For flooring, many types of tongue-and-groove OSB are available.
Plywood
Plywood is a strong and dependable choice for shops, much like OSB.
Also like OSB, you can find tongue-and-groove plywood to help minimize seam interruptions.
One downside is that durable and cheap plywood is prone to splintering. It is recommended for areas of heavy use (storage of lawnmowers, shovels, and sledgehammers, or more).
Pre-Finished Wood Flooring
At one time, if you wanted solid hardwood, you got it unfinished and it was your responsibility to site-finish it. Better techniques evolved for pre-finishing wood flooring. Urethane-based coatings meant that manufacturers could impregnate the wood with a nearly shell-like finish, enabling the finishing process to happen in a factory, not your home.

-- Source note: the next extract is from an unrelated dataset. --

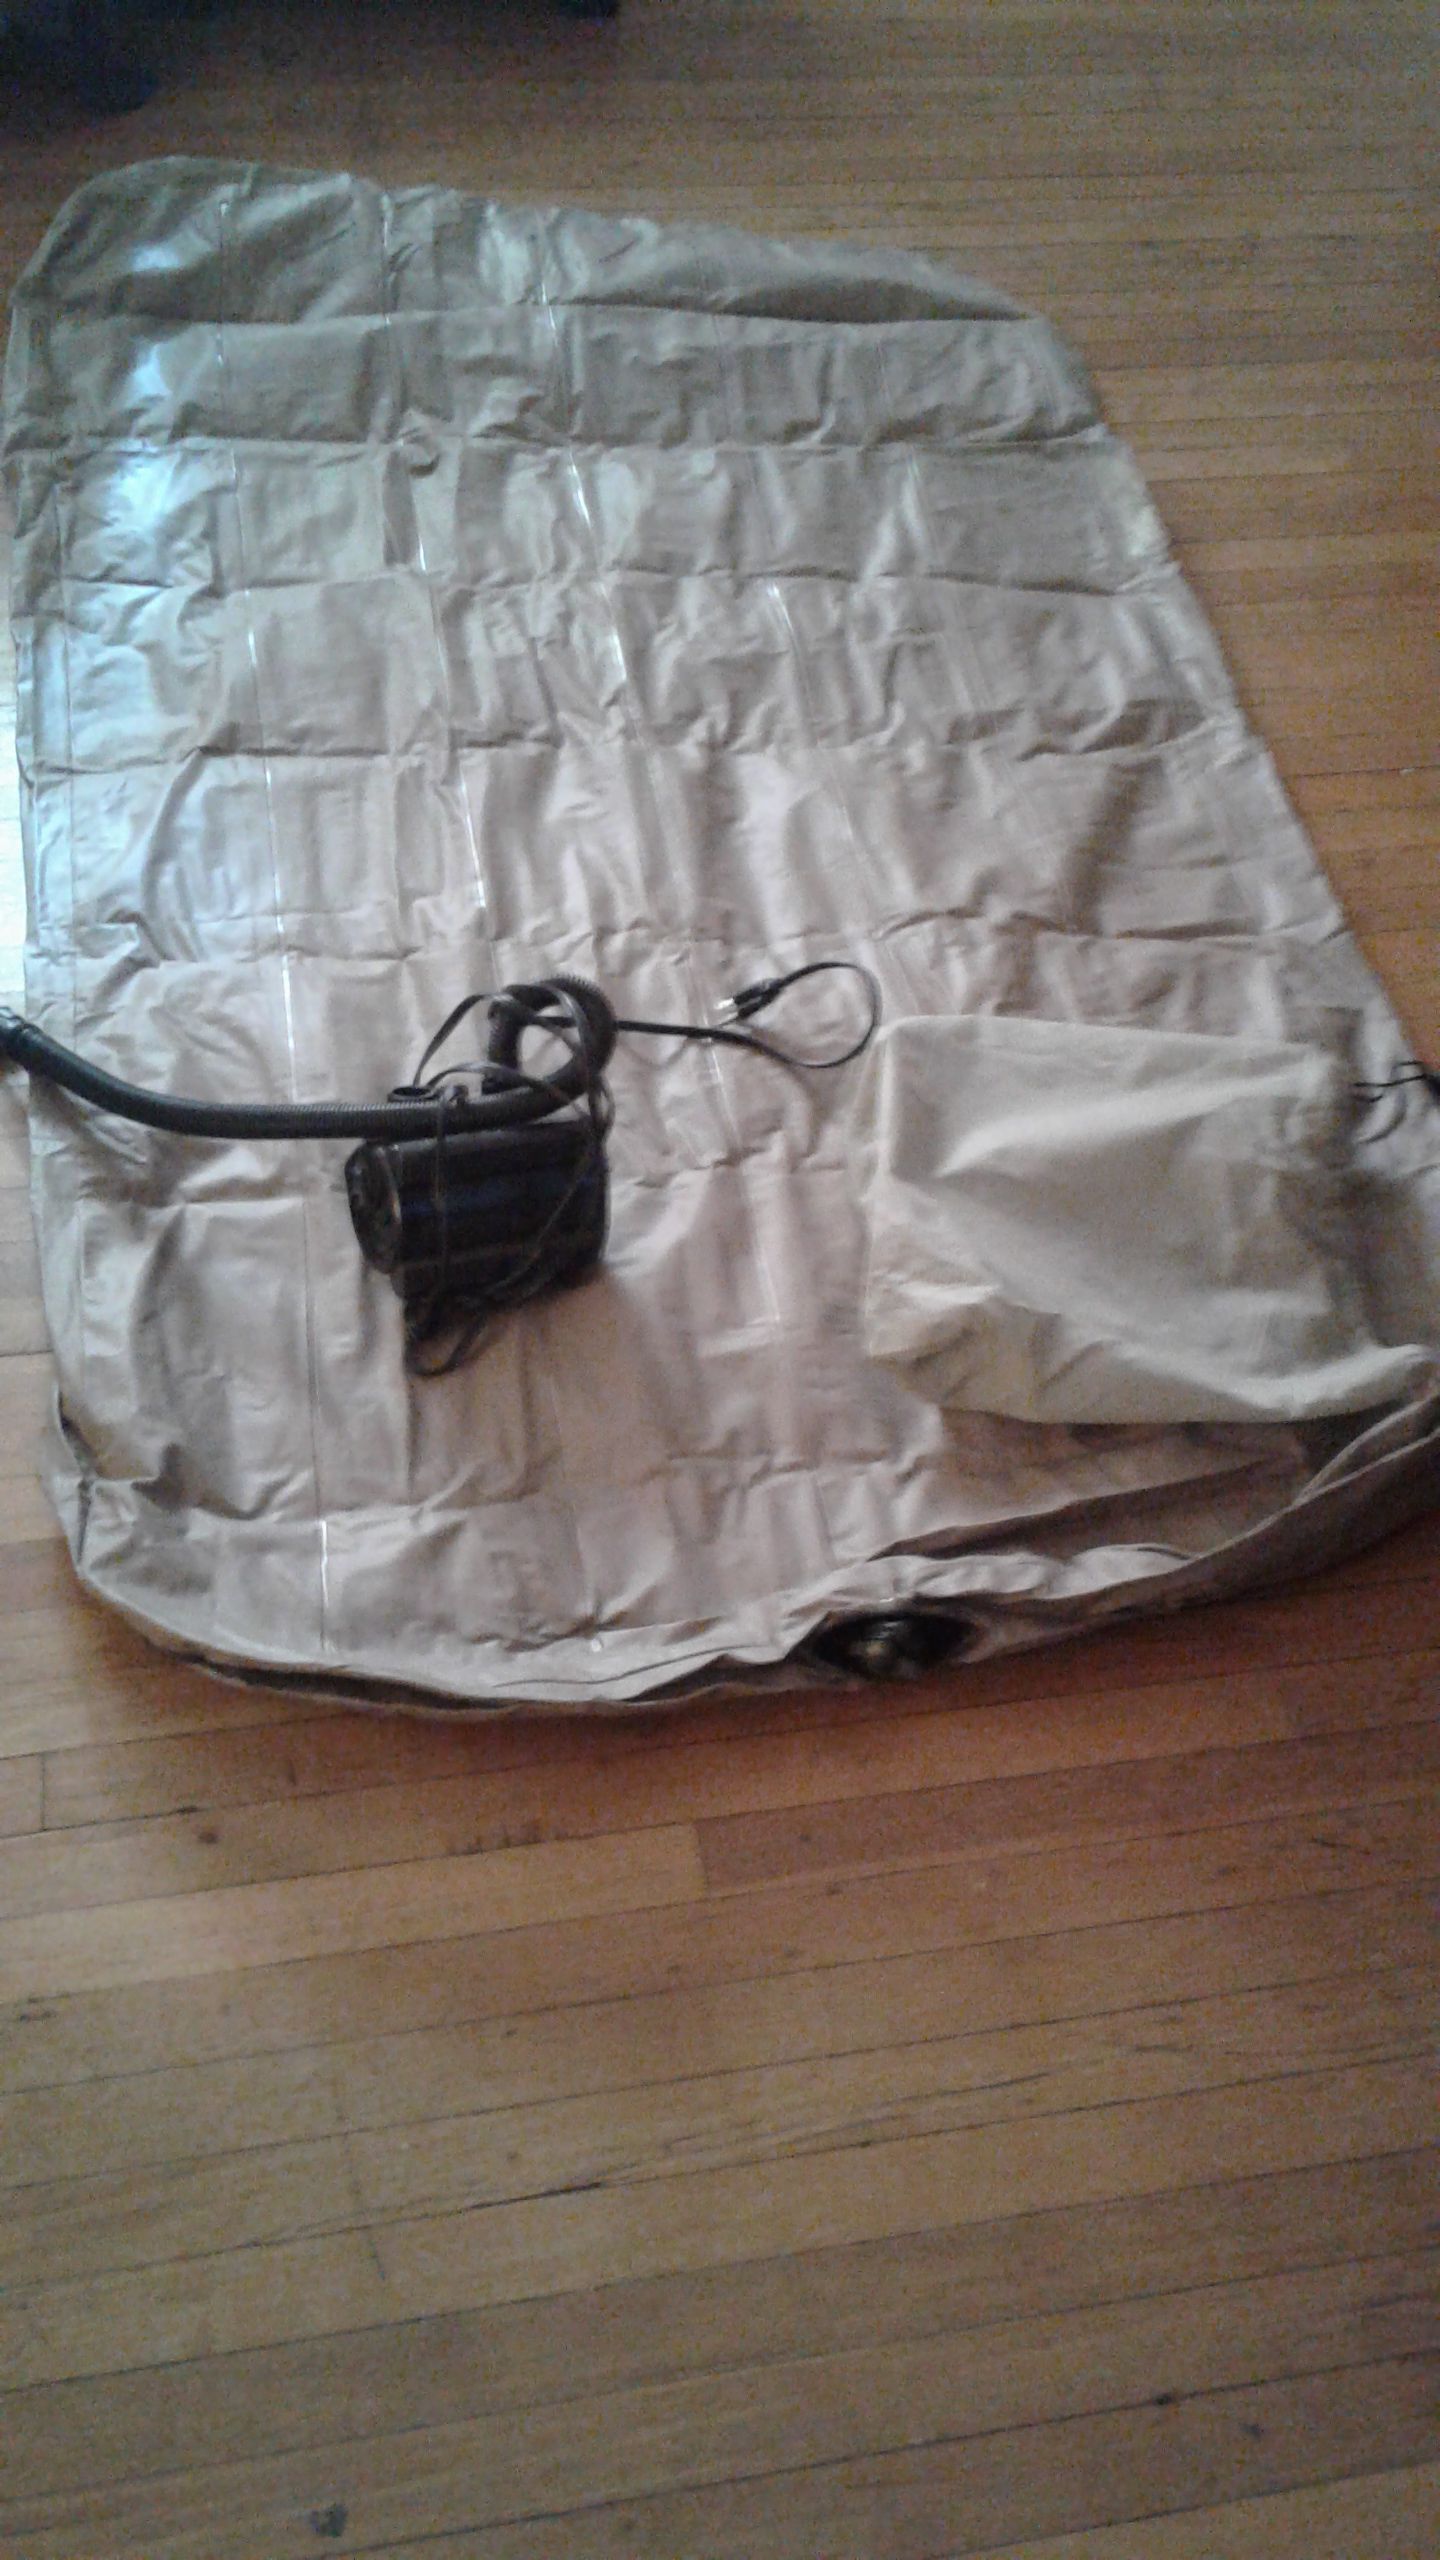 Ozark trail air mattress with pump and carrying bag

While pre-finished wood flooring is usually better suited for living areas than for work areas, it can be used if your shop is used for light-duty work: hobbies, crafts, art, and more.
One issue with pre-finished flooring is that this urethane finish must be chemically stripped before you can refinish it.
To give your shop a unique look, consider using wide-plank pre-finished wood flooring.
Rubber Stall Mats
Not so much a flooring as a floor covering, rubber stall mats are intended for horse stalls. These large sheets, about 4-foot by 6-foot, are 3/4-inch thick. They're soft enough to make it easy to walk around and stand for long periods of time, but hard enough to resist wear.
Rubber stall mats are sometimes used as a cheap, effective alternative for home gym flooring.
Shop Flooring Ideas to Avoid
- Laminate Flooring: Highly damage-prone, laminate isn't wood; it only looks like wood. Slippery and easily damaged, laminate flooring is a poor choice for shop flooring.
- Engineered Wood Flooring: Engineered wood, with its thin, top wood veneer, isn't good protection against falling hammers. Expensive and requiring nail-down installation, engineered wood flooring isn't a great choice for shops.